Sedangkan apabila nilai keterkaitan output ke belakang semakin kecil, maka ketergantungan terhadap output yang berasal dari luar Provinsi Sumatera Barat
semakin besar. Dengan demikian, jika dilihat secara keseluruhan selama periode tahun 1999 dan 2007 untuk sektor kelapa sawit, nilai keterkaitan output langsung
ke belakang yang dimiliki lebih besar dibandingkan nilai keterkaitan langsung ke depannya. Hal tersebut mengindikasikan bahwa sektor kelapa sawit di Provinsi
Sumatera Barat lebih mampu mendorong sektor hulunya dibandingkan dengan sektor hilirnya.

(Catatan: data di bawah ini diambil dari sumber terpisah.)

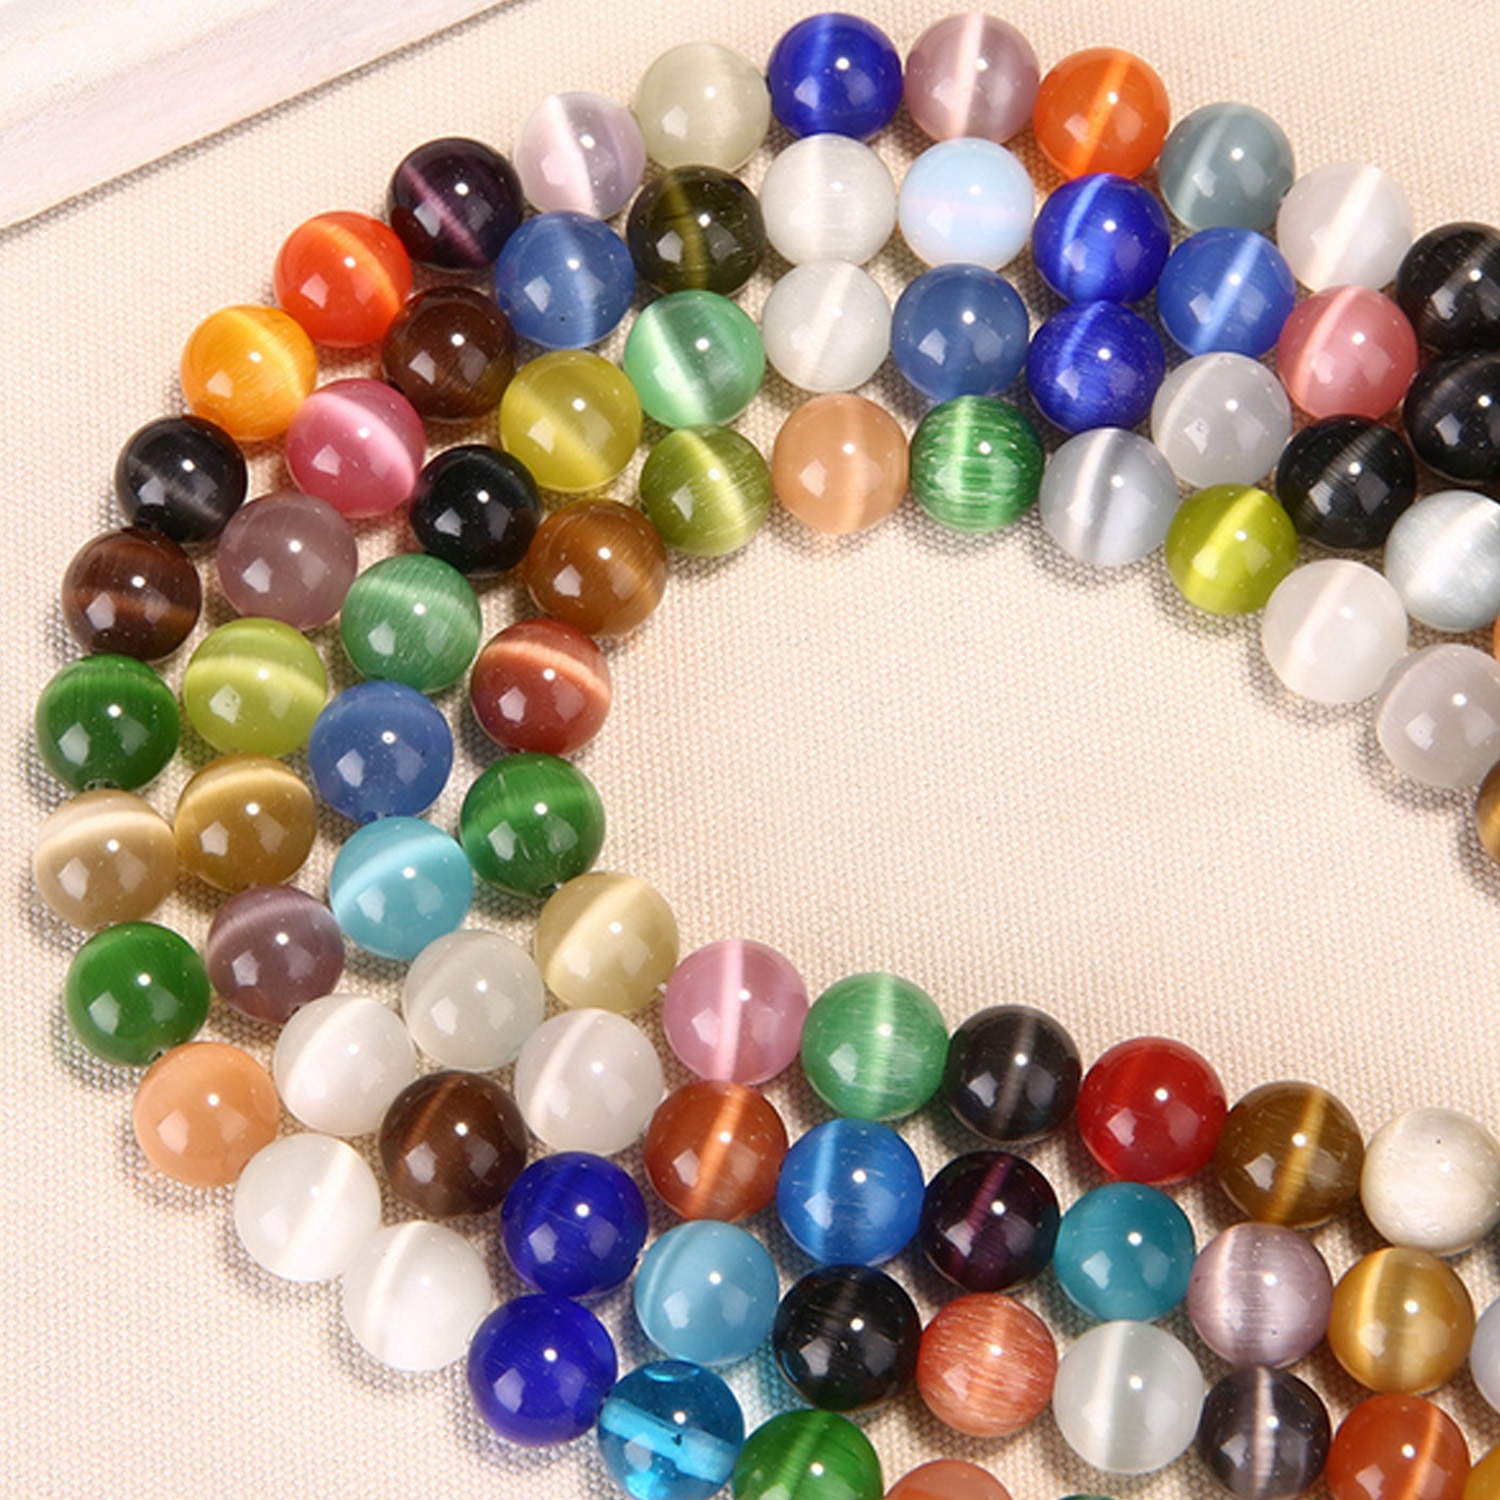 132 pcs 6mm multi-color Natuurlijke Ronde Opal Stone Gemstone Bead Handgemaakte Speelgoed voor DIY Craft Maken Kind kralen Speelgoed Educatief Speelgoed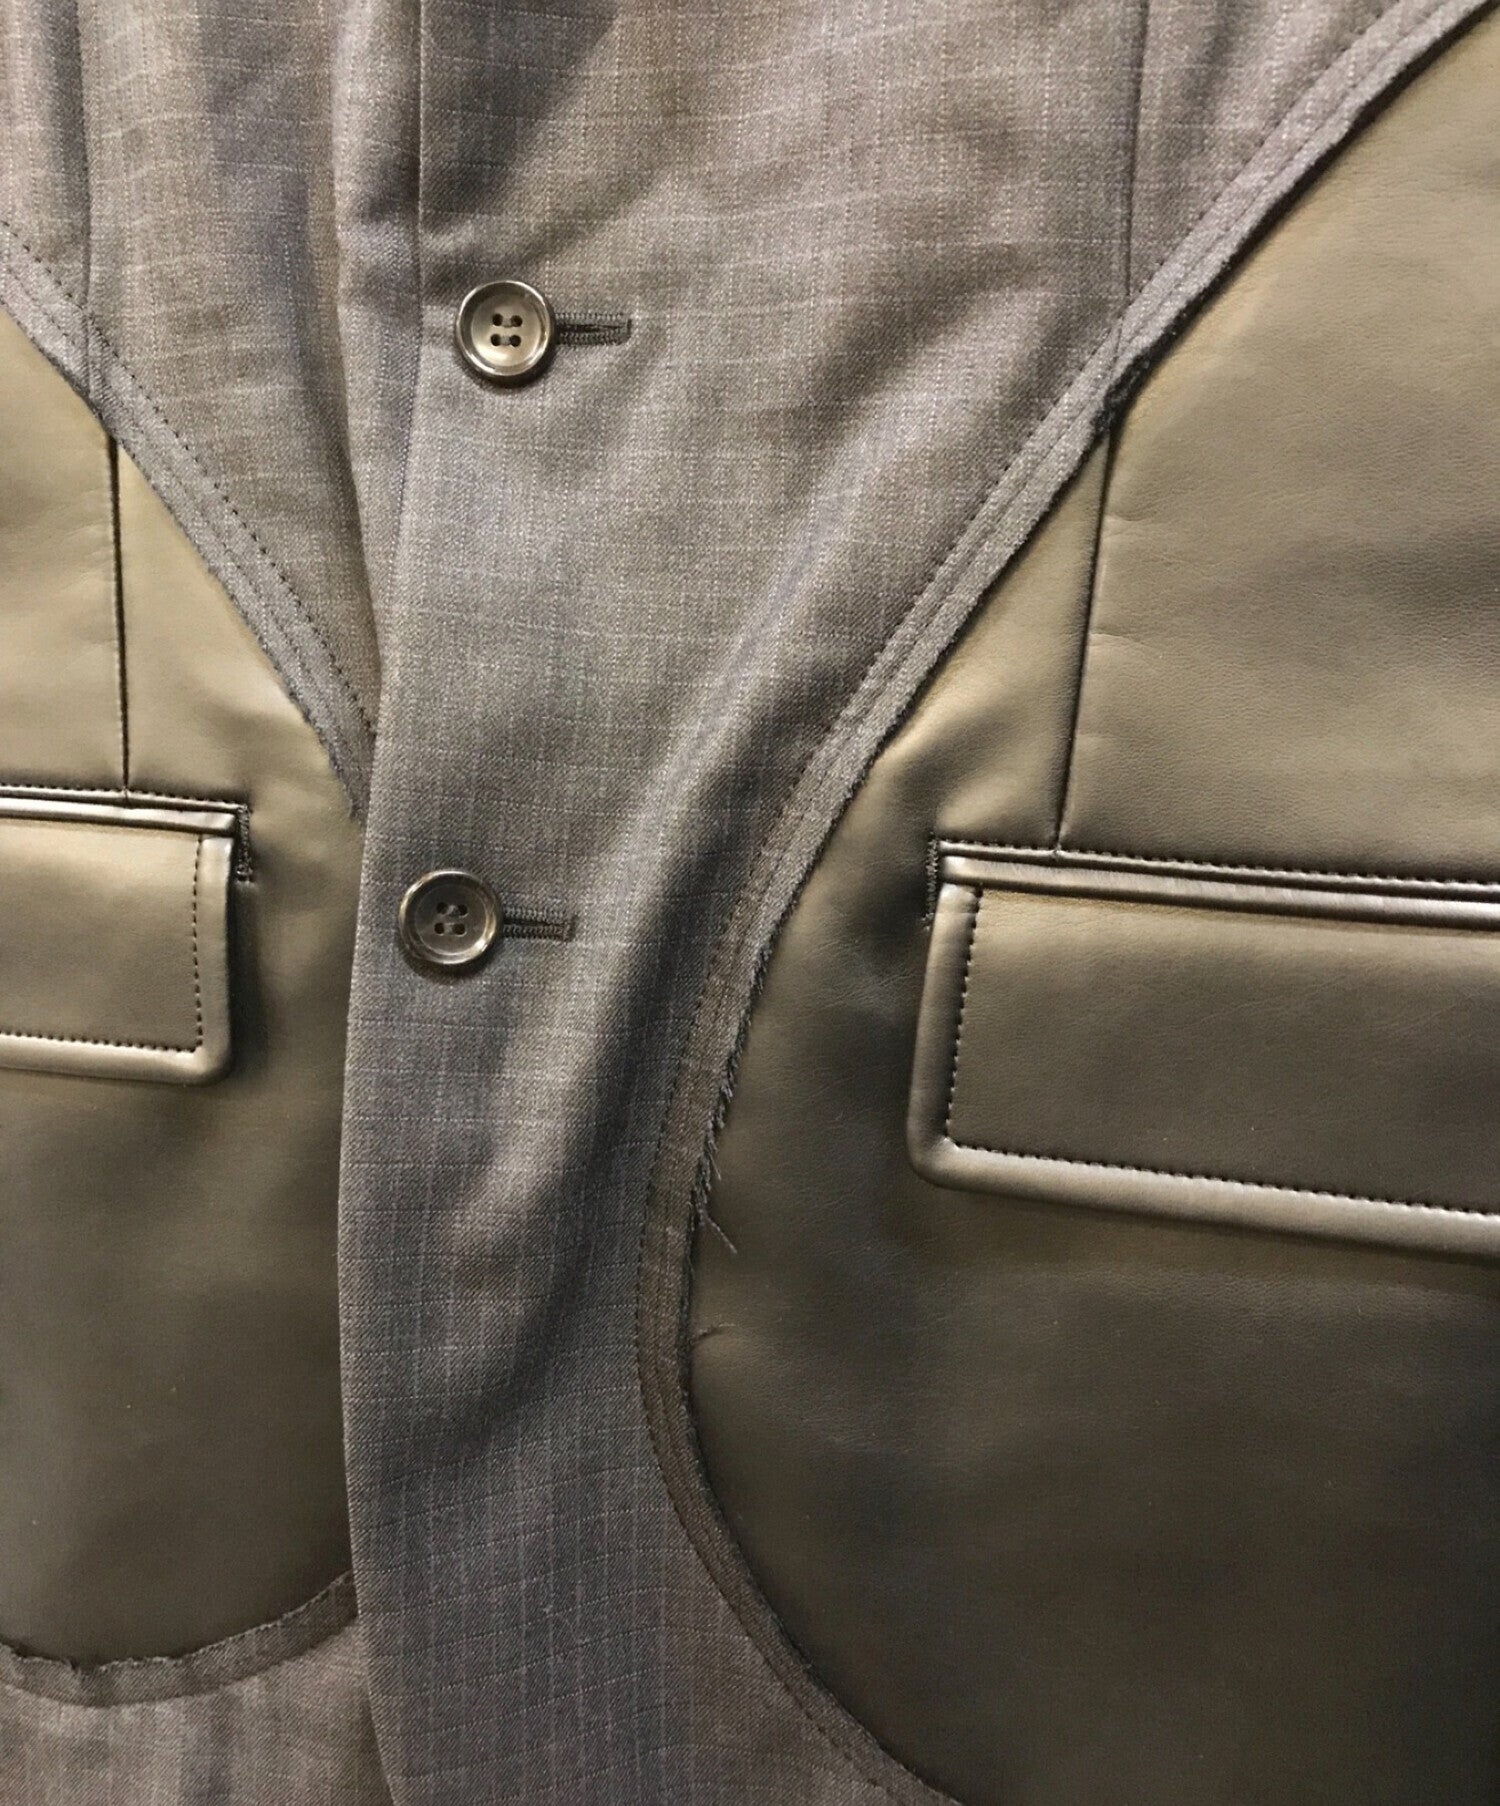 COMME des GARCONS Homme Plus Faux Leather Docking Check Jacket PC-J057

Produksi kelapa sawit mampu mendorong industri hulu, seperti industri pupuk dan pestisida dan industri alat serta mesin perkebunan agrootomotif yang
berperan dalam peningkatan produktivitas dan dan sumber inovasi teknologi. Selain itu, produksi kelapa sawit juga dapat mendorong industri hilirnya, seperti
industri makanan dan minuman serta tembakau, industri barang karet dan plastik, industri pemintalan melalui serat alam natural fiber, industri pakan untuk ternak
serta pengangkutan dan komunikasi. Industri hilir kelapa sawit yang saat ini sedang berkembang dan menjadi
arahan untuk pengembangan komoditi industri di Provinsi Sumatera Barat adalah industri minyak kelapa sawit Crude Palm Oil CPO. Industri minyak sawit di
Provinsi Sumatera Barat berdasarkan Direktori Perusahaan Perkebunan Kelapa Sawit tahun 2009 berjumlah 67 pabrik pengolahan kelapa sawit yang tersebar di
beberapa kabupaten, diantaranya Kabupaten Agam, Kabupaten Dharmasraya, Kabupaten 50 Kota, Kabupaten Pasaman Barat, Kabupaten Pesisir Selatan,
Kabupaten Sijunjung dan Kabupaten Solok Selatan.